It was _almost_ enough to make Jazz feel bad about the squirrels.

O.O.O

"Hey! Prowler! There y'are!"

After leaving Hot Rod to the last few hours of his monitor duty, Jazz made the short trip to the _Ark_ in search of the "one last detail he had to take care of" regarding _Dancing with the Autobots._ That last detail involved Prowl, and after a quick search, he found the Police 'Bot deep in the lava tubes that ran through the mountain behind their crashed space ship.

Prowl looked up warily at Jazz's innocent grin and friendly shout of, "Man, with ya hidin' all the way down here, makes me think you're avoidin' me or somethin'."

"Not avoiding," Prowl answered his friend, displaying a data pad and some sort of scanning equipment that the Specialist did not immediately recognize. "Security survey. Just making sure that all the seals we put on the 'back doors' to this place are still holding up. The last thing we need is the Decepticons tampering with them and finding a way in."

"Don't matter if this ain't our main base of operations no more," Jazz agreed. "It's still home. An' that's why we're all glad to have you here on our team. You're the best!"

Not surprisingly, Prowl looked a little uneasy at the compliment. Prowl had an unnaturally keen sense for when Jazz wanted something and was up to his old tricks to get it – which Jazz rather regretfully acknowledged meant that he was getting predictable.

"Well, it's all about paying attention to the details," Prowl answered cautiously, in what was probably supposed to be carefully modulated neutrality.

"Details! Yep, that's what it's all about," Jazz practically beamed, and watched with a perverse sense of enjoyment as the Police 'Bot's expression started to grow at least as paranoid as Red Alert's, if not more so. "There ain't many mechs who can round up the details like you can, no sir."

Prowl backed up a nervous step, his legendary composure starting to show a few hairline cracks as he surreptitiously glanced around for a route of escape. "Um … Jazz?" he asked uncertainly.

"Plus, Prime _did_ order you to assist me with _Dancin' with the Autobots_ in any way I needed," the Specialist pointed out matter-of-factly.

"Jazz ..?" Prowl was no longer the least bit subtle about looking for a bolt-hole, but as his security scan had just verified, all the tubes and tunnels in this area had been thoroughly sealed years ago.
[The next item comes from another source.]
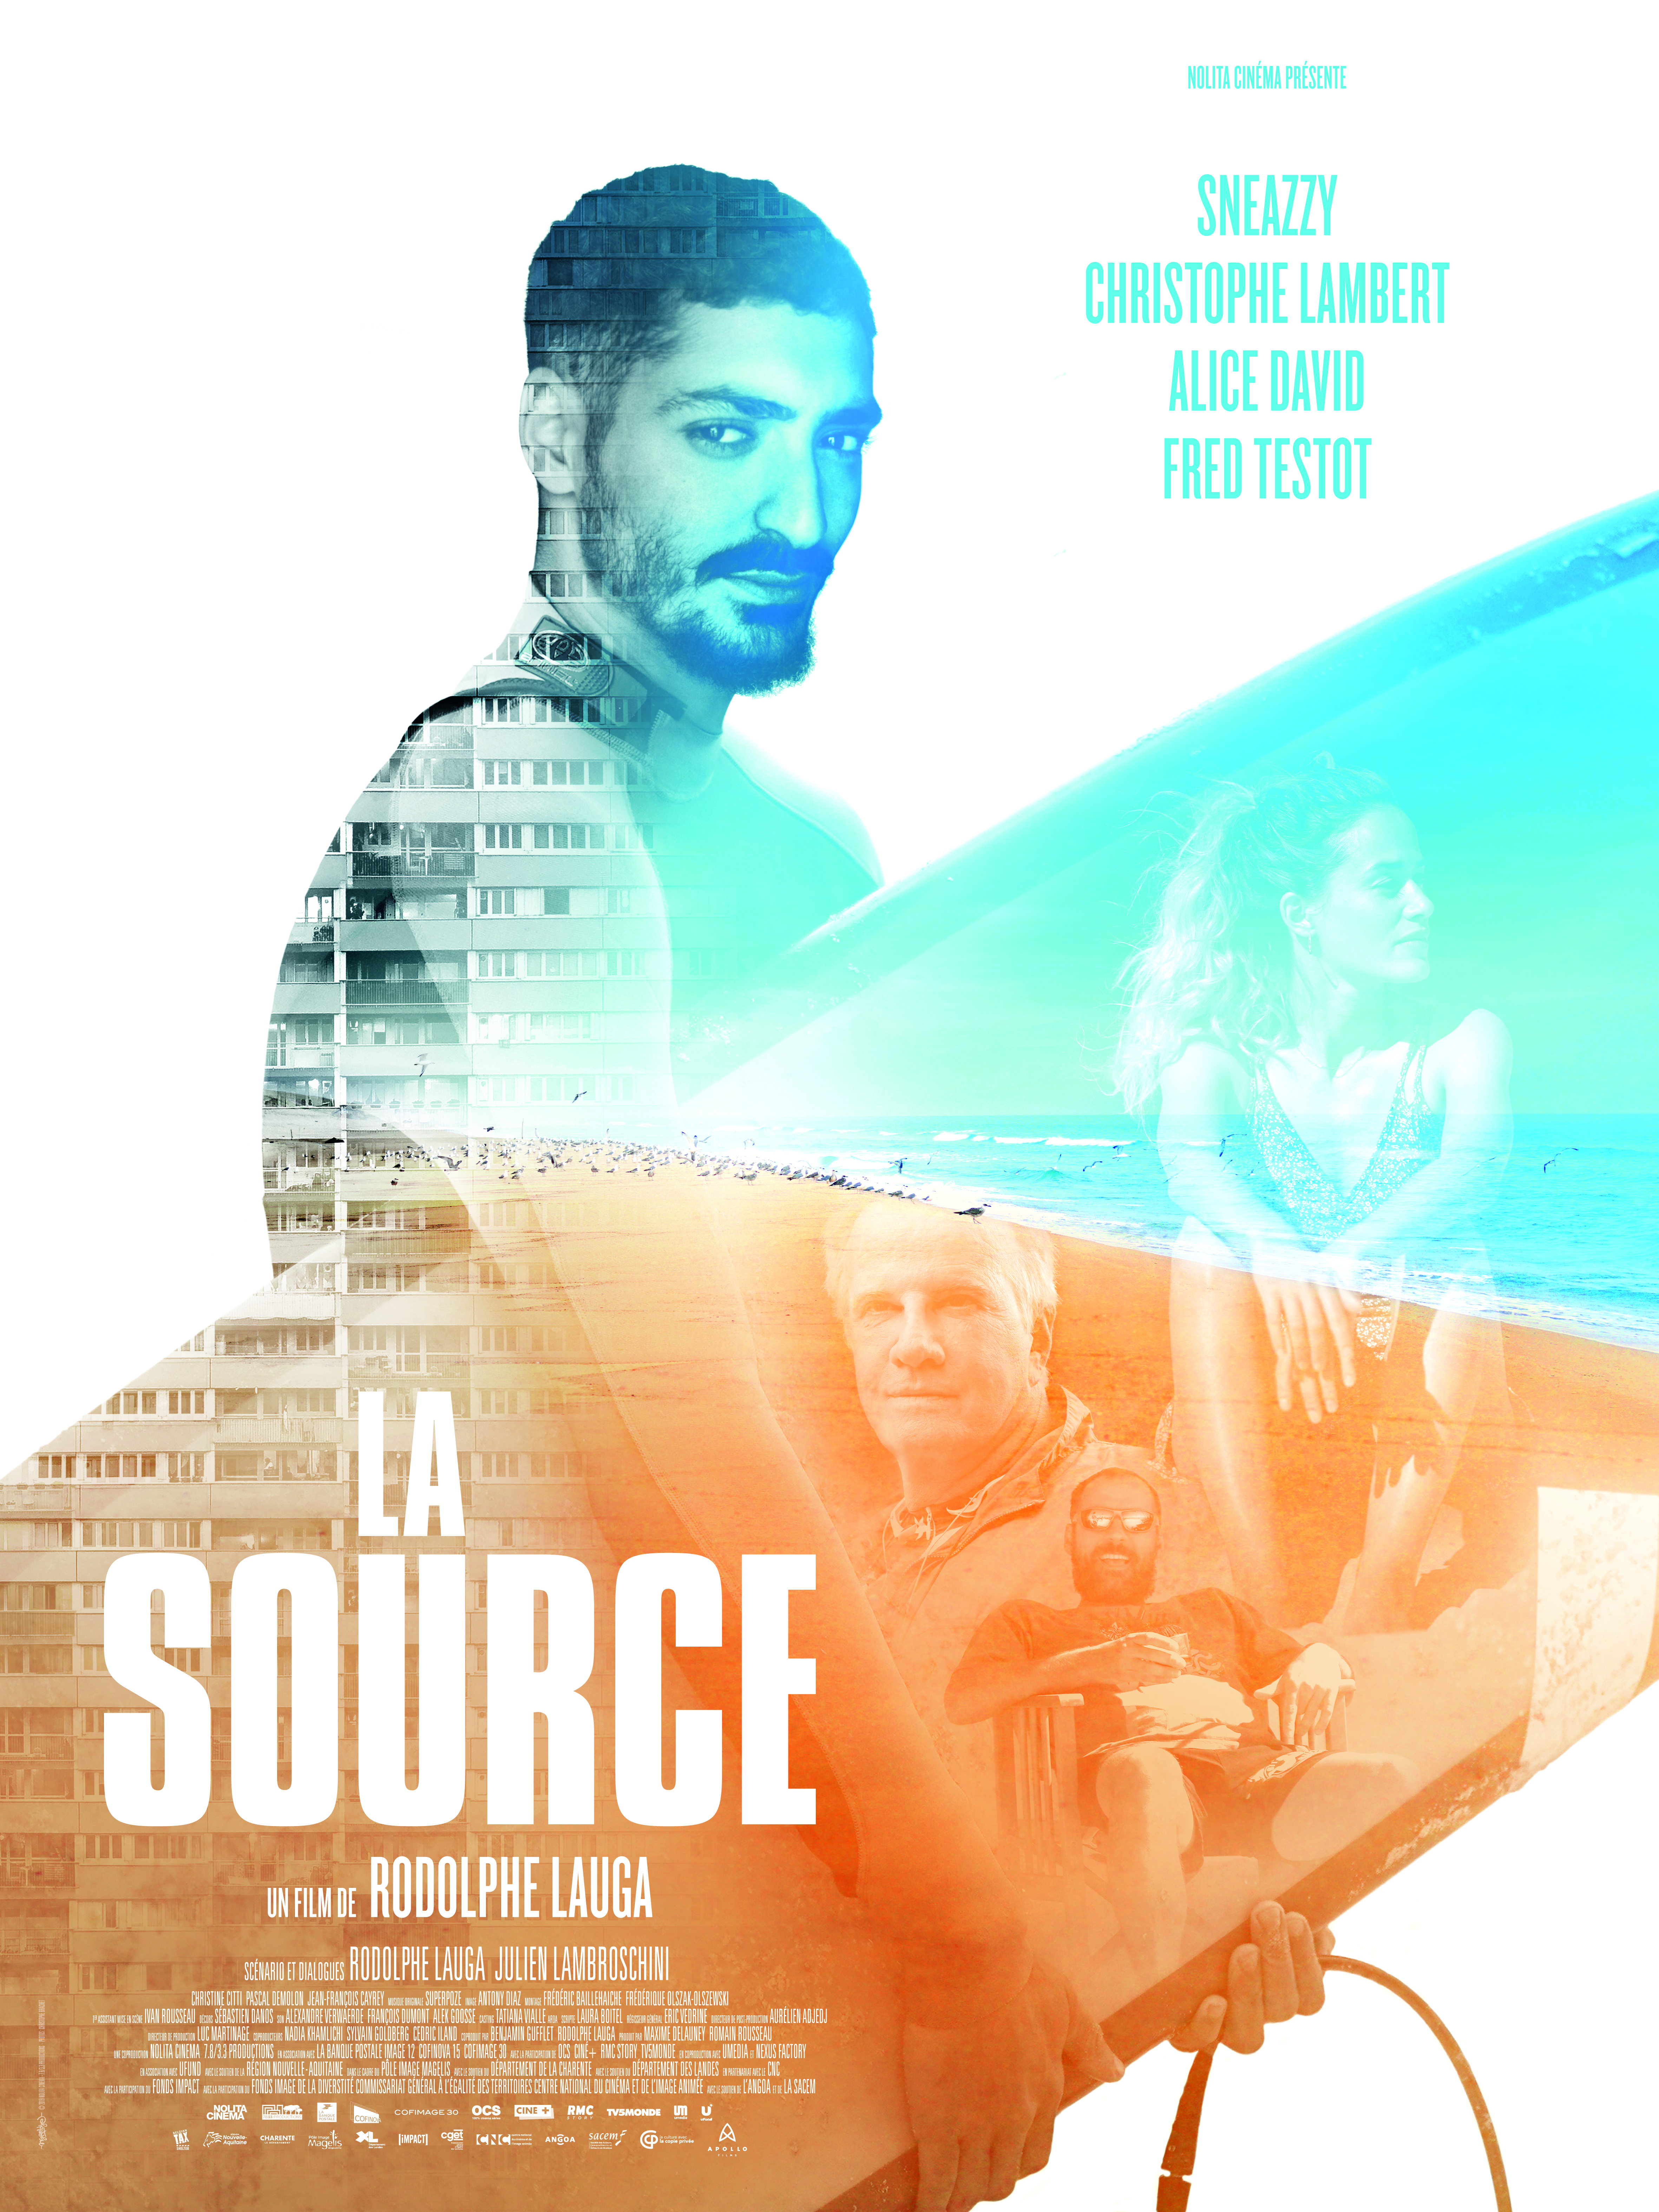 La Source (2019) Main Poster

The only way out was through Jazz himself.

"An' your kind of attention to them details," Jazz finished cheerfully, shoving a data pad into Prowl's reluctant hands while throwing a friendly arm around his shoulder struts, "is absotively posilutely what the stage manager for the live performance needs!"

"JAAAAAAAAZZZZZZZ!"

O.O.O

The handful of startled Autobots in the command area looked up at the raging scream echoing through the _Ark_. They stared at the walls, the ceiling, even the floor for what seemed like an entire minute, trying to discern its source, but the caverns surrounding the space ship were like a massive echo chamber, making the long, agonizingly drawn-out shout seem like it was coming from everywhere at once.

"Wow," Cliffjumper commented calmly when the roar of fury finally died away. "That had to be Prowl."

Unlike Cliffjumper, Silverbolt appeared a little shaken by the angry bellow. The team leader of the Aerialbots looked down at the red Minibot in confusion. "Prowl? How can you tell?"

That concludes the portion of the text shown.